Moka whipped her arm to the side, and pointed at the Nevermore that screeched past them. "I know I am not letting you get away with all this," she spat."I'm fighting for all the people you've killed. And I'm fighting to make sure people you think are 'unworthy'– people like my mom– can keep living as comfortably as they can."

A scoff echoed inside Sable's mask. "Funny you mention your mom. Do you really think a company like Frontline, a company that produces androids indistinguishable from a human, and can make a crippled man walk again, can't cure something as pervasive as cancer?"
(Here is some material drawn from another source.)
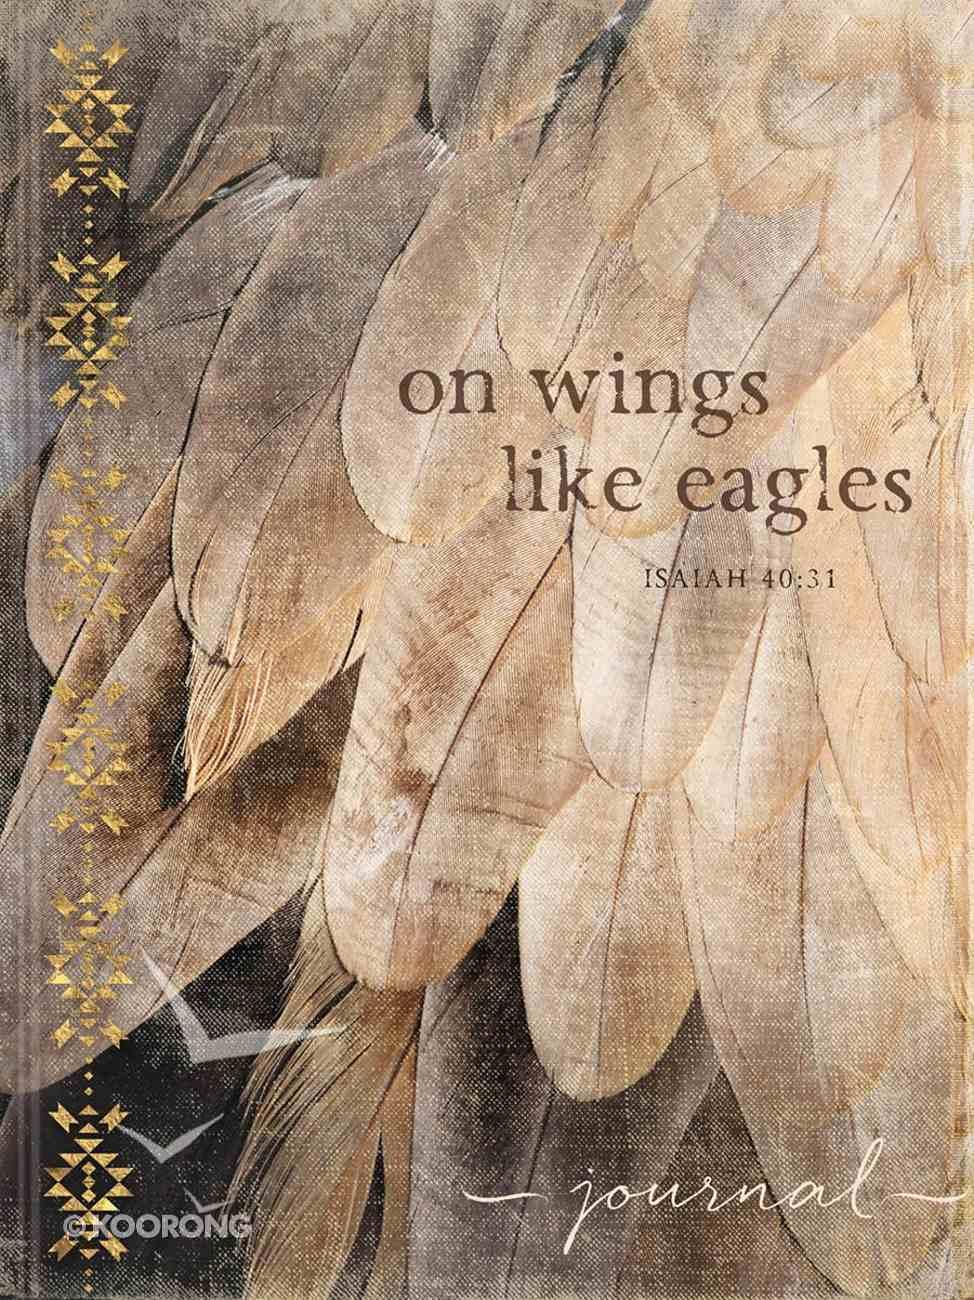 Signature Journal: On Wings Like Eagles (Isaiah 40:31) Hardback
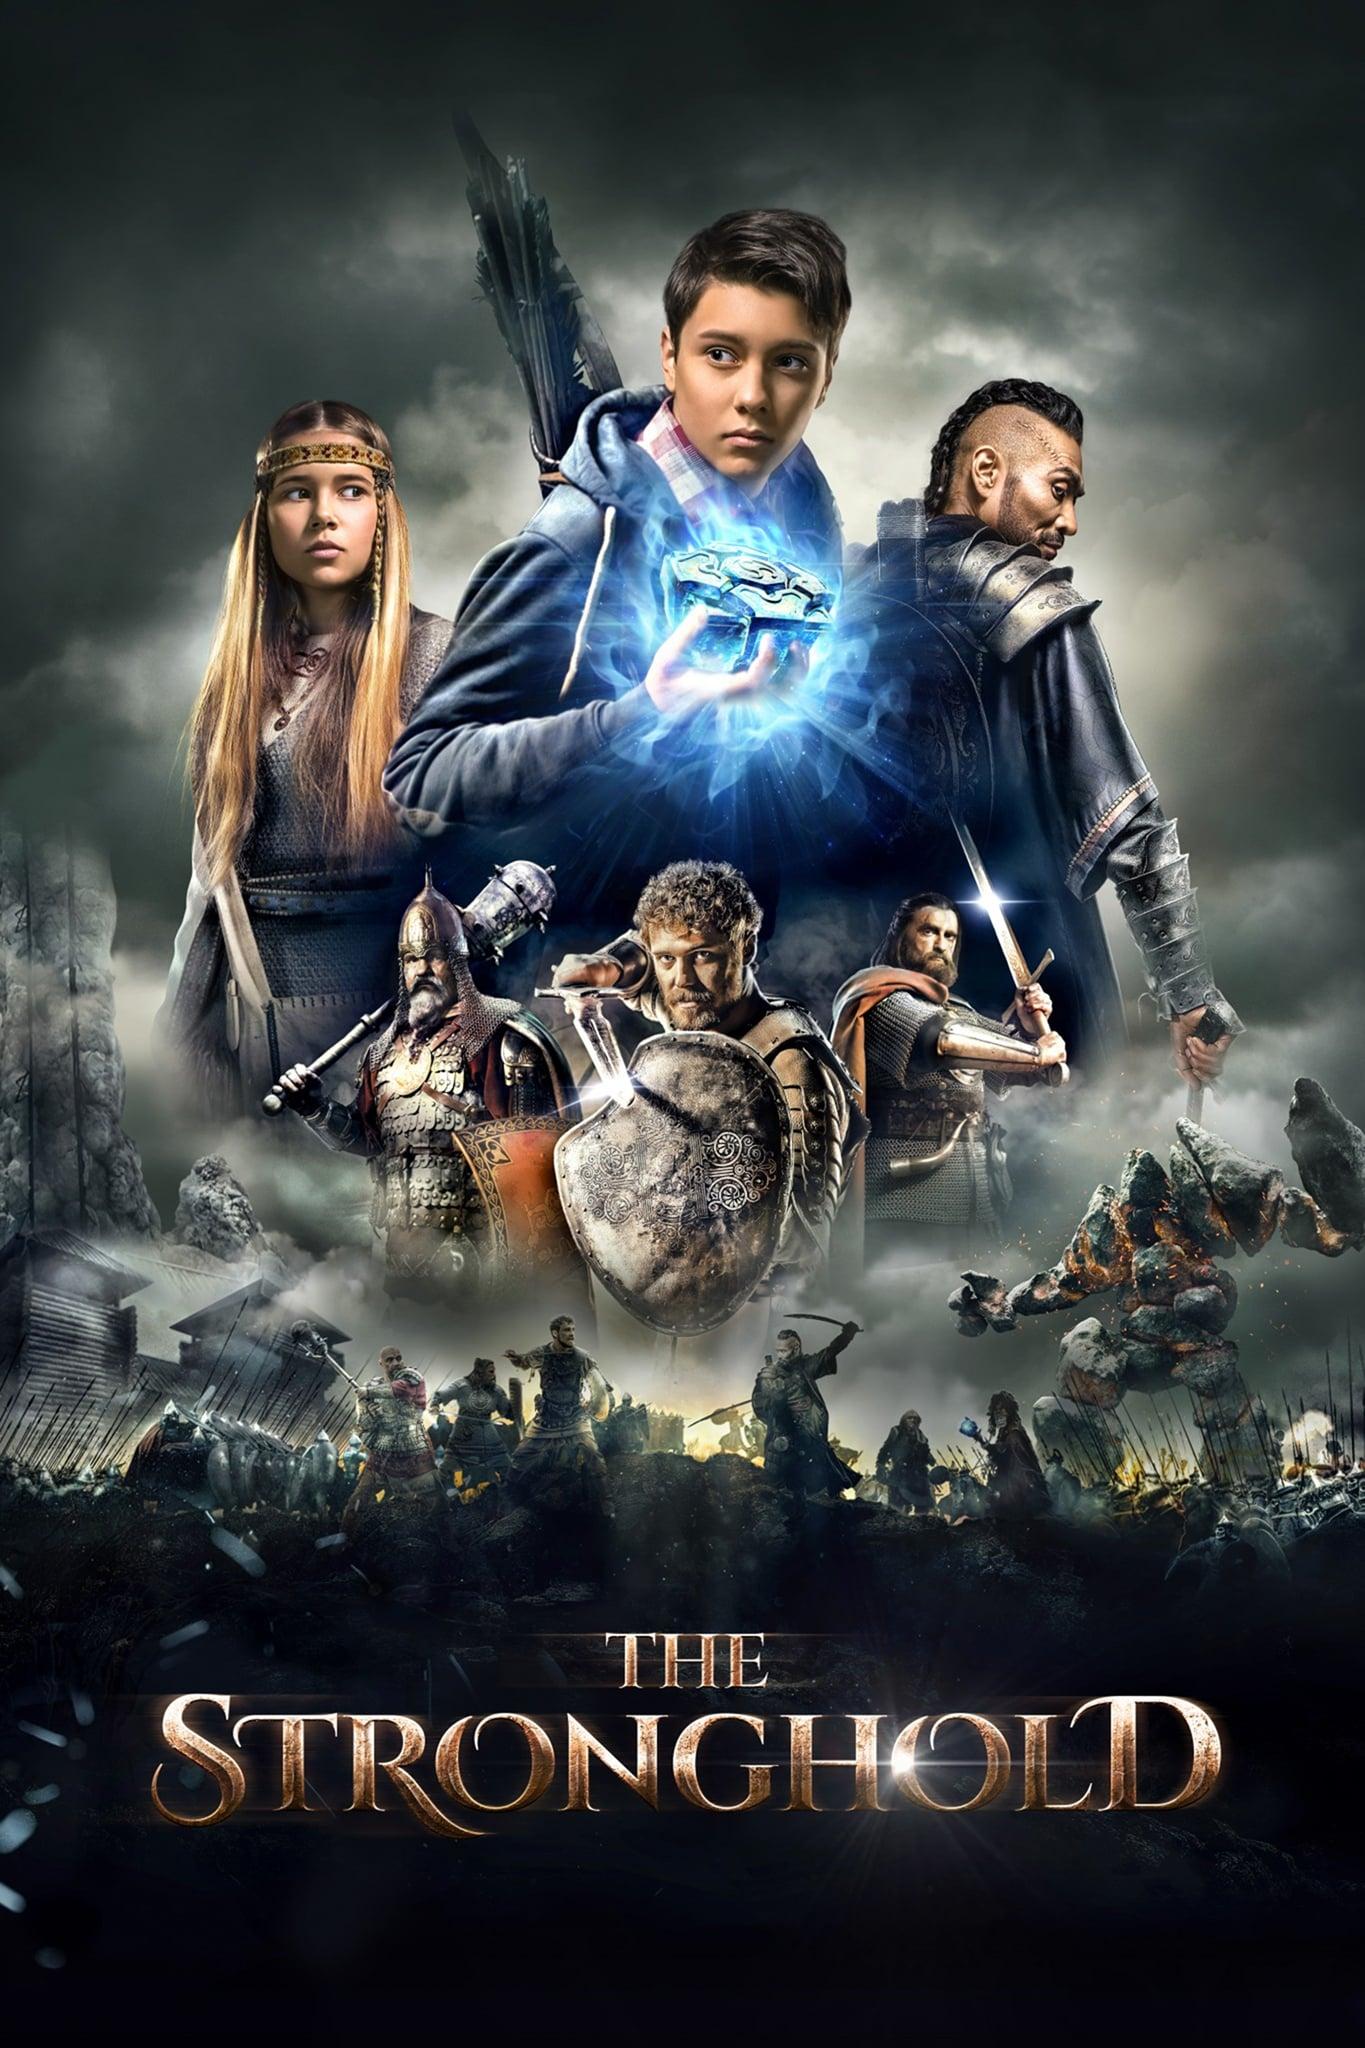 دانلود فیلم The Stronghold 2017 با دوبله فارسی

The expression washed from Moka's face for a second, and she lowered her fists.

"Which runs more of a profit?" he continued. "A one-time cure for fifty thousand lien, or milking a family for ten thousand a month?" He stepped closer, shaking his head. "They've got that cure deep in their vault. And they're keeping your mom just as sick as they need her."

Moka's tail flicked. She swallowed a knot in her throat. "Then they're next," she muttered. "Just as soon as I'm done with you. They're next."

Sable's eyes narrowed. They both raised their fists, and set their feet.